==== Supplied data

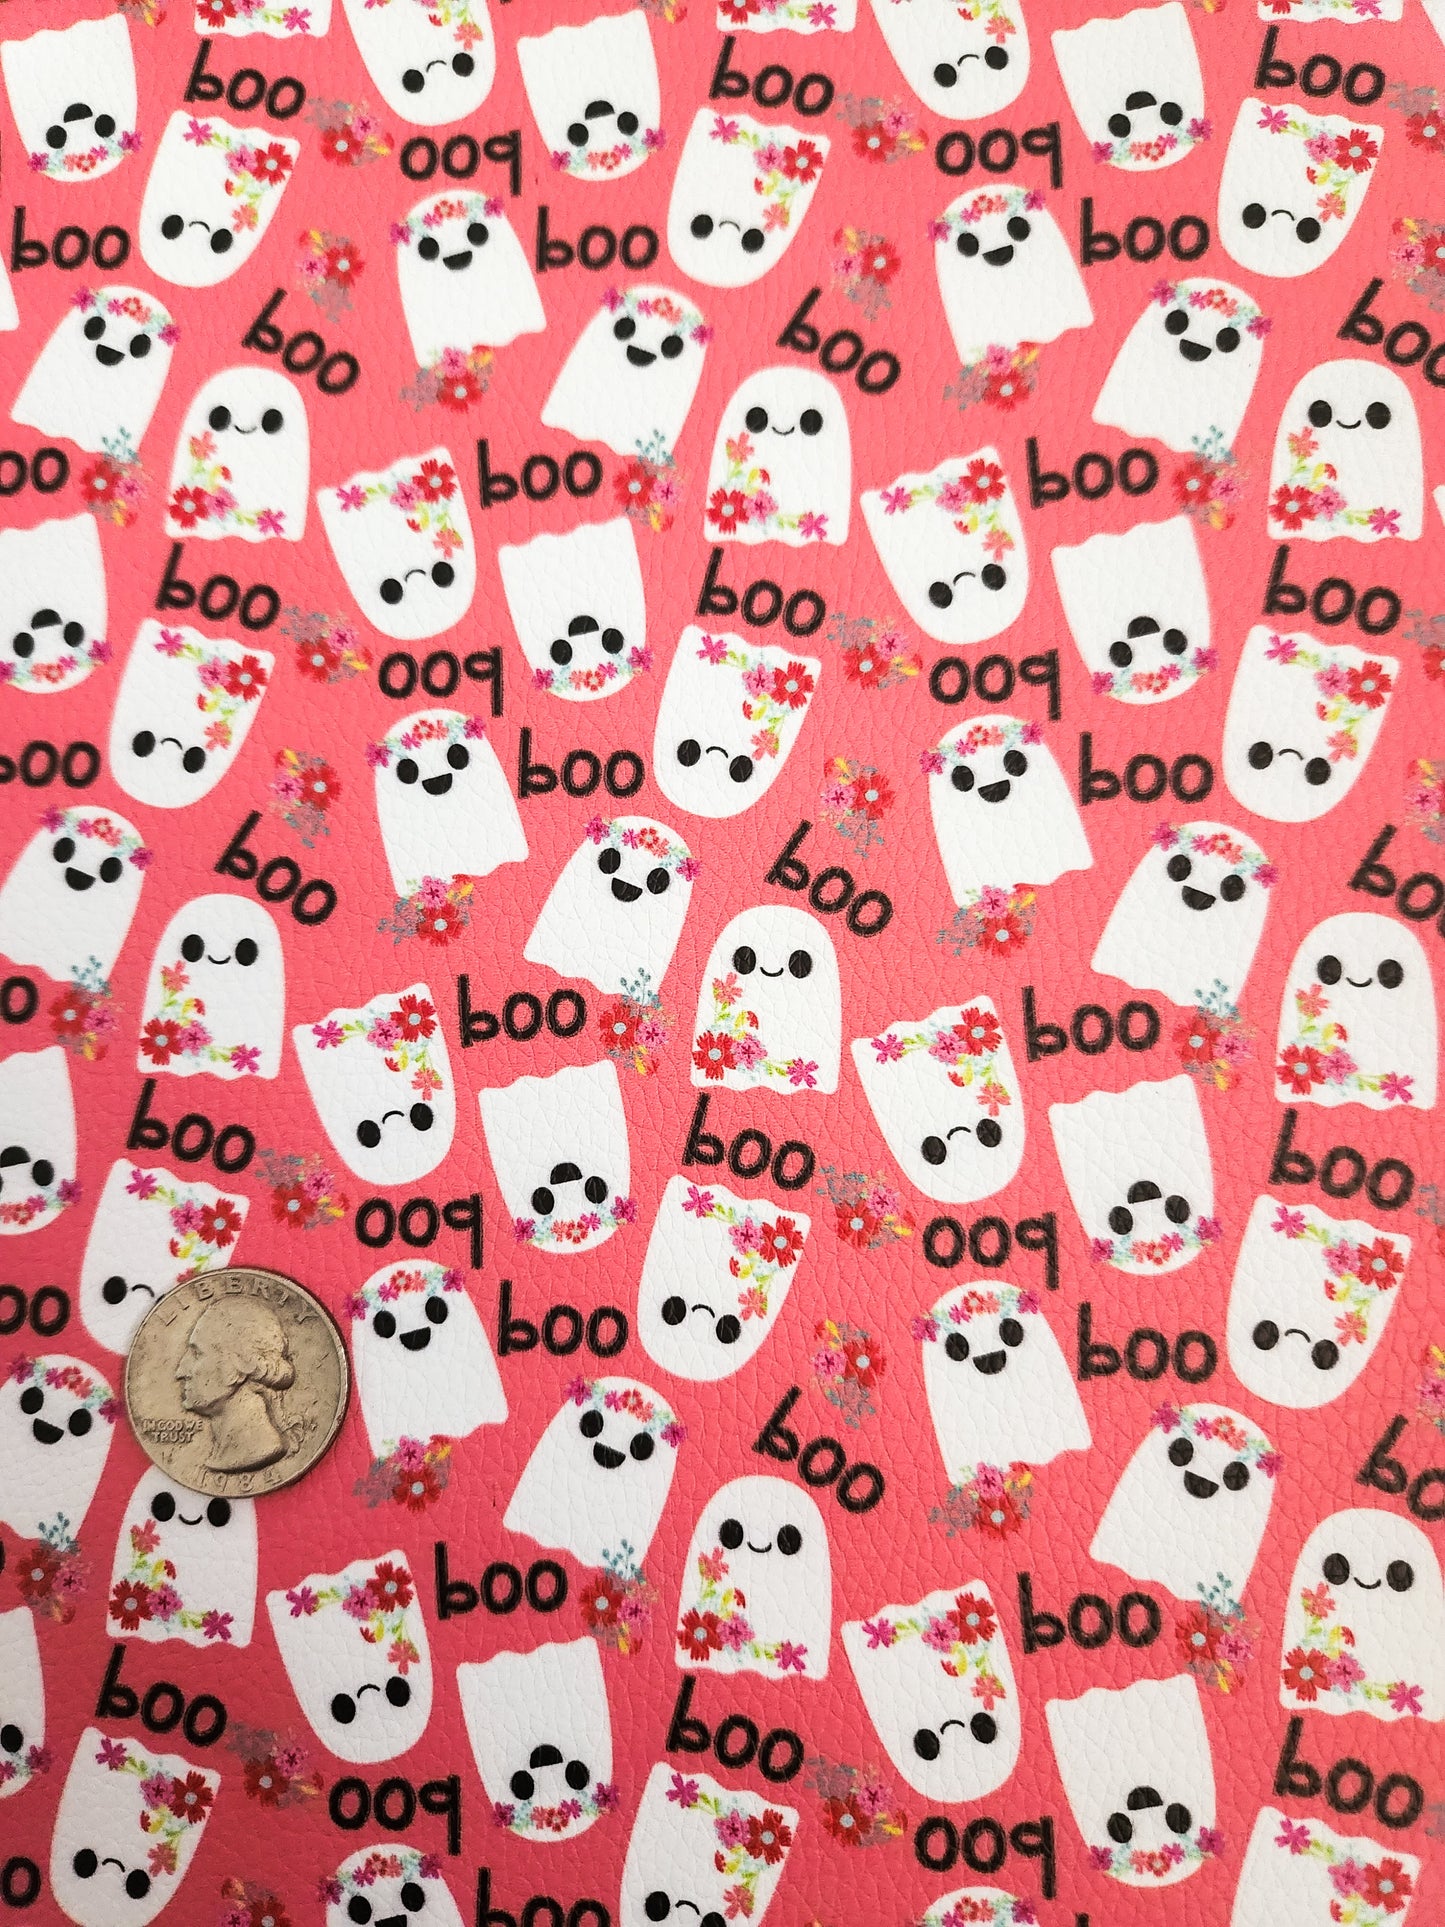 Boo Ghosts 9x12 faux leather sheet
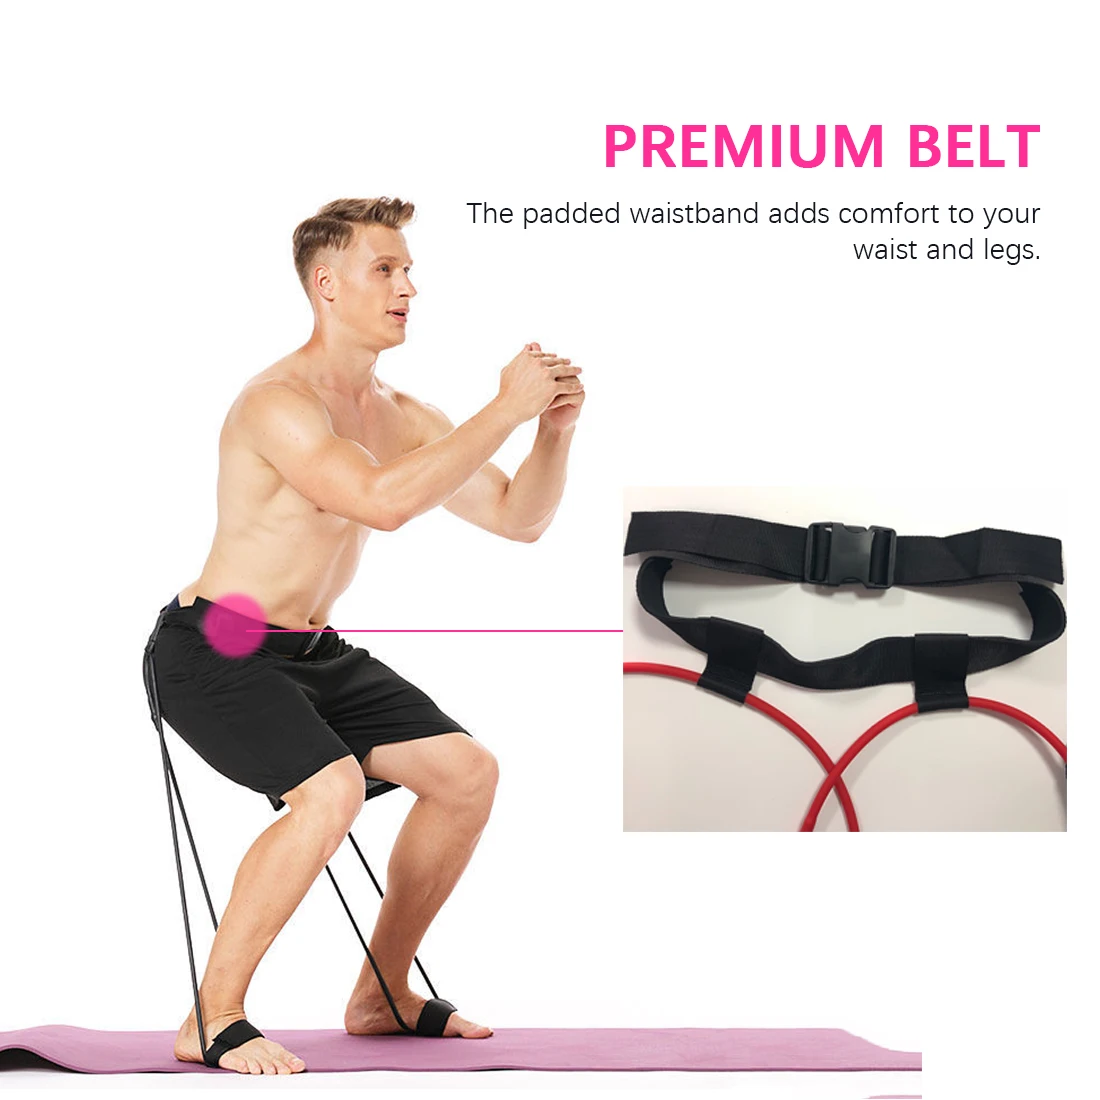 

35lb Fitness Booty Butt Training Band Pedal Exerciser Resistance Bands Adjustable Waist Belt for Glutes Legs Muscle Workout
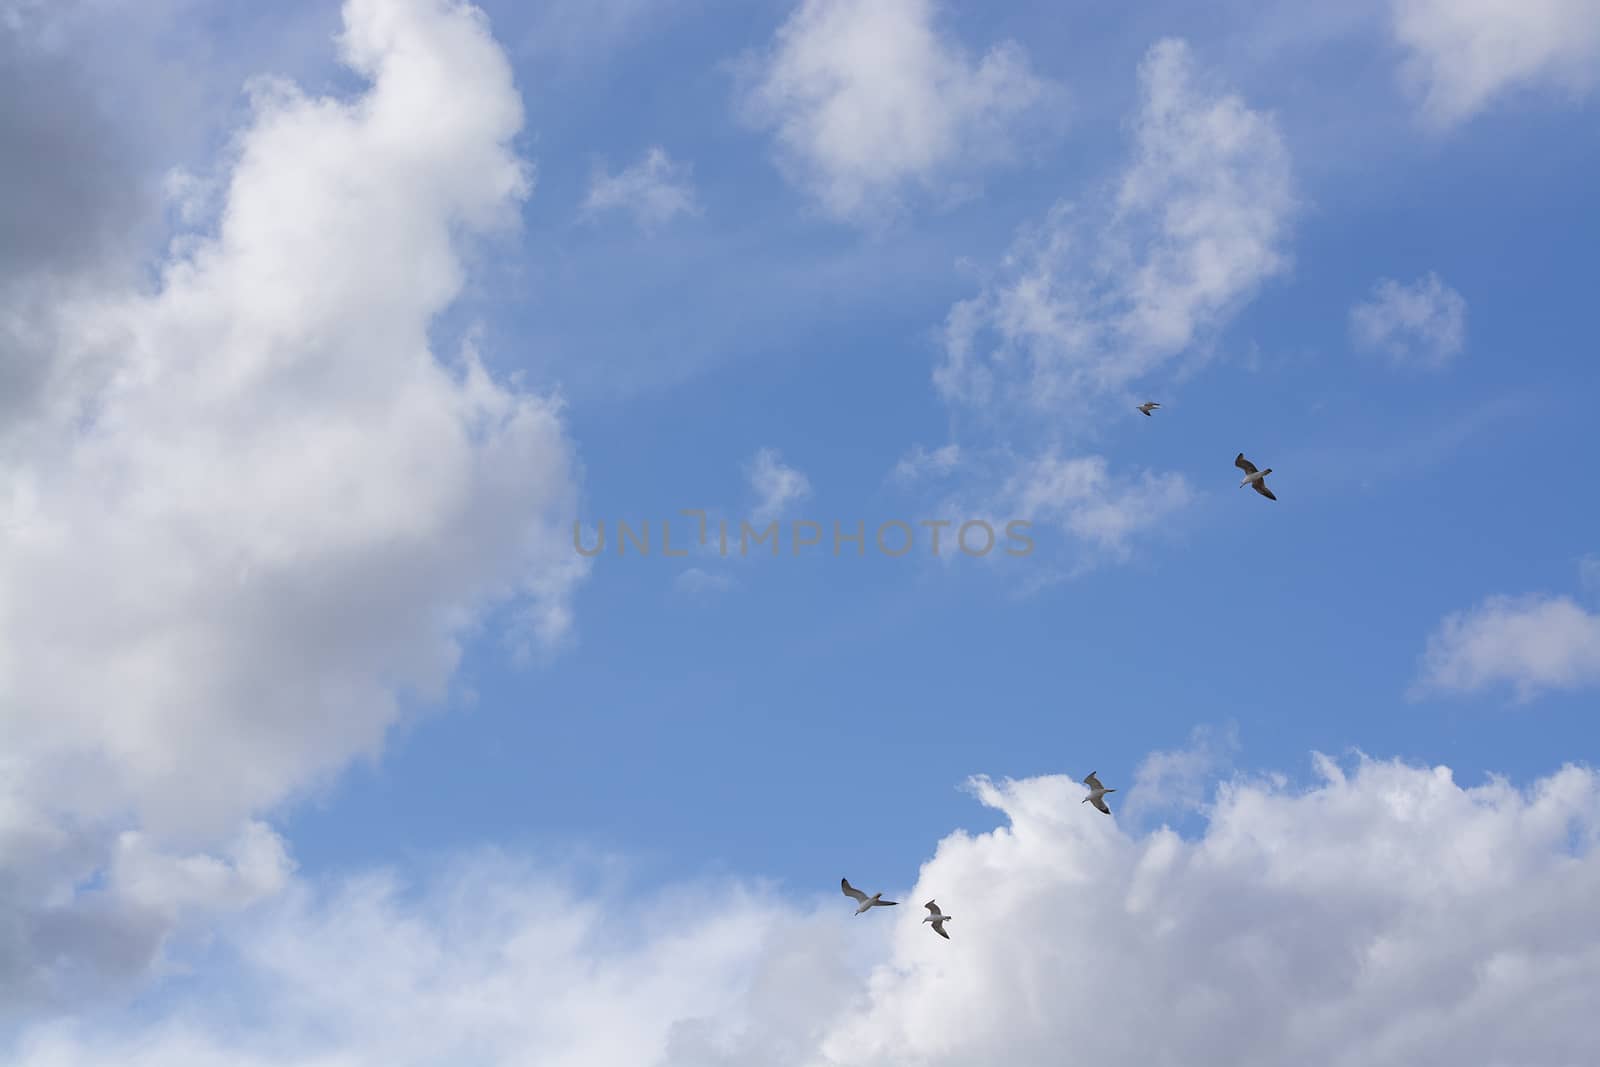 Seagulls flying overhead against cloudy and blue skies by ArtesiaWells

========

* **Problem description**
Your copy must begin at the line containing "35lb Fitness Booty" and end at the last line of the material above. Reproduce each line exactly, but not the pictures.

* **Answer for the task**
35lb Fitness Booty Butt Training Band Pedal Exerciser Resistance Bands Adjustable Waist Belt for Glutes Legs Muscle Workout
 Seagulls flying overhead against cloudy and blue skies by ArtesiaWells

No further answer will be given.